Corset History: Were they really that small, restrictive, and unhealthy

civil war dress

This week we take a break from historical facts and look at some good ol’ common sense facts about corsets.

I can not tell you how often I hear these questions when I’m out wearing or selling my corsets. Women ask if it is safe to wear a corset, if they will be able to breathe and eat, if they will be able to go to the bathroom, the list goes on and on. I reply, with the only thing that is uncomfortable do in a corset that is made well and fits you well is; chug beer and sneeze. Sneezing causes fast expansion and is slightly uncomfy in a corset, chugging beer or any fizzy drink for that matter just makes for a lot of carbonation in the belly that has no where to go.

I was reminded today by one of my other favorite sites that this is an issue we still need to address. That women and men still carry around the perception that wearing a corset is somehow dangerous and slightly like a straight jacket. That Victorians wanted tiny little waists and fainted all the time because of those tightly laced corsets.

I direct you to her blog as I could say it simply no better than she does, Dispelling the Myth of the Itsy Bitsy Teeny Weeny Waist

This is a topic I will be coming back to, I think that it is so very important to be educated on how a corset should fit and why it should fit that way. I spend a lot of time with women and men making sure they get the right fit. But for now we need to understand the past and how it changes our perceptions of corsets today.

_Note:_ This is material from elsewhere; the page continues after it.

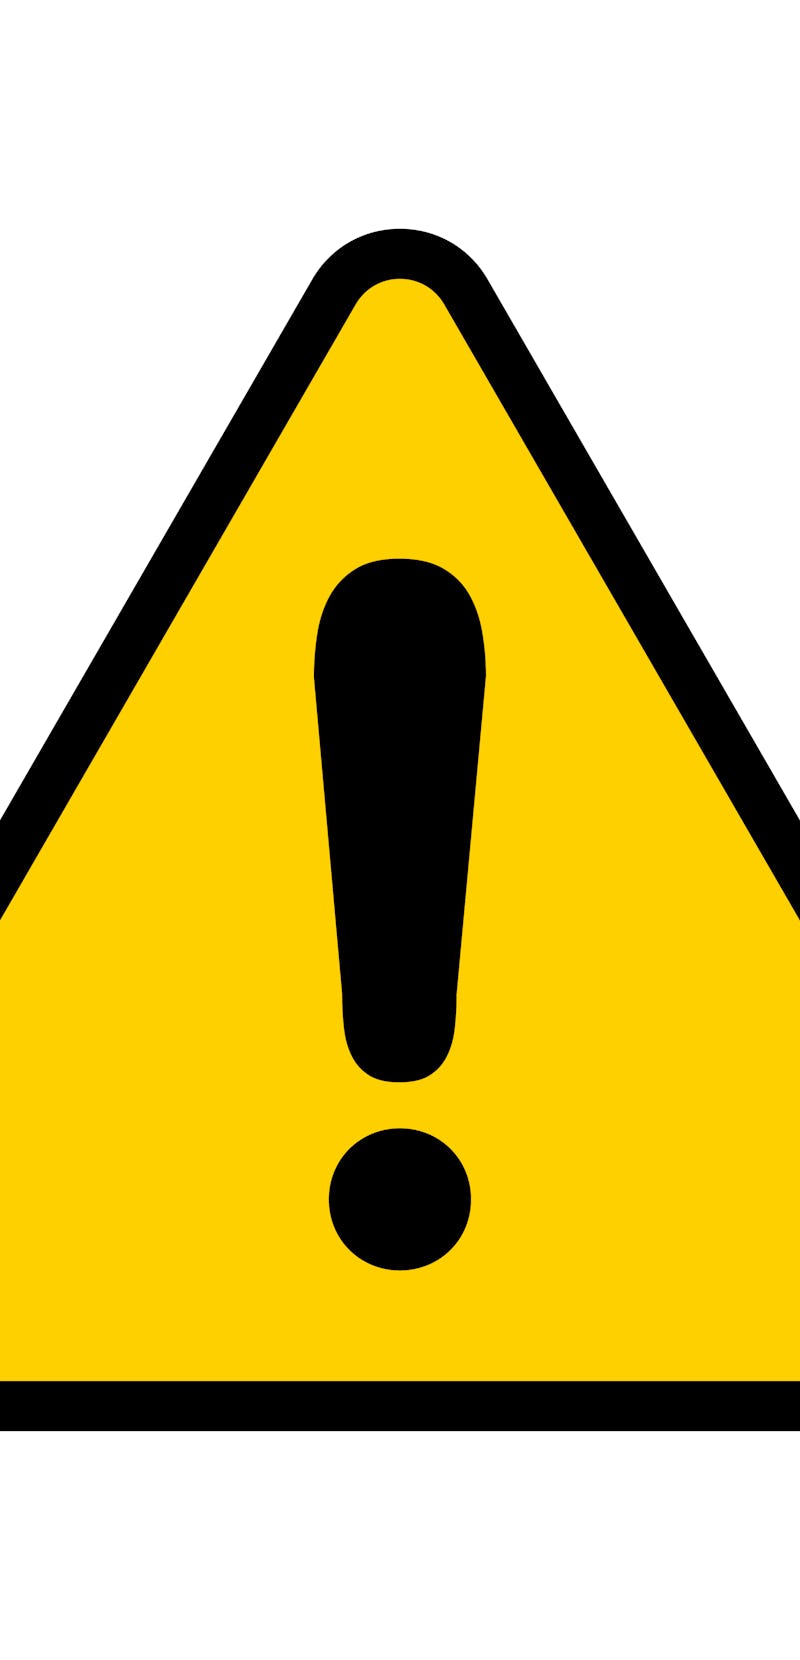 Attention icon. Warning sign. Exclamation point. Vector illustration

3 responses to “Corset History: Were they really that small, restrictive, and unhealthy

  • opusanglicanum

    it doesn’t help when v programme like th recent bbc4 hidden killer of the victorian home make a big thing out of it either.

  • bettycooperfield

    There’s a lot more to a corset than reducing the waist inches! I really think you have a good post here, I look forward to your ideas in the future. Perhaps others will comment.

    Your post is about corsets – small, restrictive, and unhealthy? Here are my ideas.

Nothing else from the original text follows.